| The input |
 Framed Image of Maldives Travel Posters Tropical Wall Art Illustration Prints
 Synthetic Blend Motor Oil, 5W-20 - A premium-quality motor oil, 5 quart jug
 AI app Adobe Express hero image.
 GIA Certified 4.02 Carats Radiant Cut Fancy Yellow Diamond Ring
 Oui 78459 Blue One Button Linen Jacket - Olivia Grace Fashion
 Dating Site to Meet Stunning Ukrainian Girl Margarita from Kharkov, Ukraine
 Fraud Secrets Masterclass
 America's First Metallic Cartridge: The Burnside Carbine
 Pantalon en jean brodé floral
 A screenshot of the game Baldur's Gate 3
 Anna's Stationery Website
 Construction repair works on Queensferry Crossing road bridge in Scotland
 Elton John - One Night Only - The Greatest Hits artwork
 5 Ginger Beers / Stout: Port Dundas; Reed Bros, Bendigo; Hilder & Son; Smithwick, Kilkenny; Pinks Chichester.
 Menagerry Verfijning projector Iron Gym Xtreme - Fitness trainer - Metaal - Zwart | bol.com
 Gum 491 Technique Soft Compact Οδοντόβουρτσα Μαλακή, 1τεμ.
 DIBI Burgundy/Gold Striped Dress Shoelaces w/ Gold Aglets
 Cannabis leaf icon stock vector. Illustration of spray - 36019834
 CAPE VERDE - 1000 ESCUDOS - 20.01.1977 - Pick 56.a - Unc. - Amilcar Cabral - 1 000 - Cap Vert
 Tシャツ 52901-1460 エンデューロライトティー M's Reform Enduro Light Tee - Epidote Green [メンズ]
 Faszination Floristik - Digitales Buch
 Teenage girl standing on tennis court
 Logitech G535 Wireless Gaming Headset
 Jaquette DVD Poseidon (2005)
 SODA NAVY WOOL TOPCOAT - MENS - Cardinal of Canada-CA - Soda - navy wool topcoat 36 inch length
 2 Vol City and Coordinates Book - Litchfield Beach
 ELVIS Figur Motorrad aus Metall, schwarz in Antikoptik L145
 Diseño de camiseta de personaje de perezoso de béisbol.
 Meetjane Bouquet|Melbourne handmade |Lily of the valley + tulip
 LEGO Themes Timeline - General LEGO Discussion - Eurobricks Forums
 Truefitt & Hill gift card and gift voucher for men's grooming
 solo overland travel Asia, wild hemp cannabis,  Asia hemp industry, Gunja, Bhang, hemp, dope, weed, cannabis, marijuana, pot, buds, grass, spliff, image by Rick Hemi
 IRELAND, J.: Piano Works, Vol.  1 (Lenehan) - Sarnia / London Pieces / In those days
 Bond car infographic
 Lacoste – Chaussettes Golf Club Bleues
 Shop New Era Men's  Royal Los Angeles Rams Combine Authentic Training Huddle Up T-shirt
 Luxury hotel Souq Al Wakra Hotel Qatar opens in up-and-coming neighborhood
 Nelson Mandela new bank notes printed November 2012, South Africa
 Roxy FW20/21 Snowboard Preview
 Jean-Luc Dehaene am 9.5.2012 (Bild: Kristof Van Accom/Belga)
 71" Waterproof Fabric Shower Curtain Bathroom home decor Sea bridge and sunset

| Activity |
Within the material above, extract exactly the lines that start at the line containing "CAPE VERDE - 1000" and stop after the line containing "Roxy FW20/21 Snowboard Preview", and only those.

| Response to the exercise |
 CAPE VERDE - 1000 ESCUDOS - 20.01.1977 - Pick 56.a - Unc. - Amilcar Cabral - 1 000 - Cap Vert
 Tシャツ 52901-1460 エンデューロライトティー M's Reform Enduro Light Tee - Epidote Green [メンズ]
 Faszination Floristik - Digitales Buch
 Teenage girl standing on tennis court
 Logitech G535 Wireless Gaming Headset
 Jaquette DVD Poseidon (2005)
 SODA NAVY WOOL TOPCOAT - MENS - Cardinal of Canada-CA - Soda - navy wool topcoat 36 inch length
 2 Vol City and Coordinates Book - Litchfield Beach
 ELVIS Figur Motorrad aus Metall, schwarz in Antikoptik L145
 Diseño de camiseta de personaje de perezoso de béisbol.
 Meetjane Bouquet|Melbourne handmade |Lily of the valley + tulip
 LEGO Themes Timeline - General LEGO Discussion - Eurobricks Forums
 Truefitt & Hill gift card and gift voucher for men's grooming
 solo overland travel Asia, wild hemp cannabis,  Asia hemp industry, Gunja, Bhang, hemp, dope, weed, cannabis, marijuana, pot, buds, grass, spliff, image by Rick Hemi
 IRELAND, J.: Piano Works, Vol.  1 (Lenehan) - Sarnia / London Pieces / In those days
 Bond car infographic
 Lacoste – Chaussettes Golf Club Bleues
 Shop New Era Men's  Royal Los Angeles Rams Combine Authentic Training Huddle Up T-shirt
 Luxury hotel Souq Al Wakra Hotel Qatar opens in up-and-coming neighborhood
 Nelson Mandela new bank notes printed November 2012, South Africa
 Roxy FW20/21 Snowboard Preview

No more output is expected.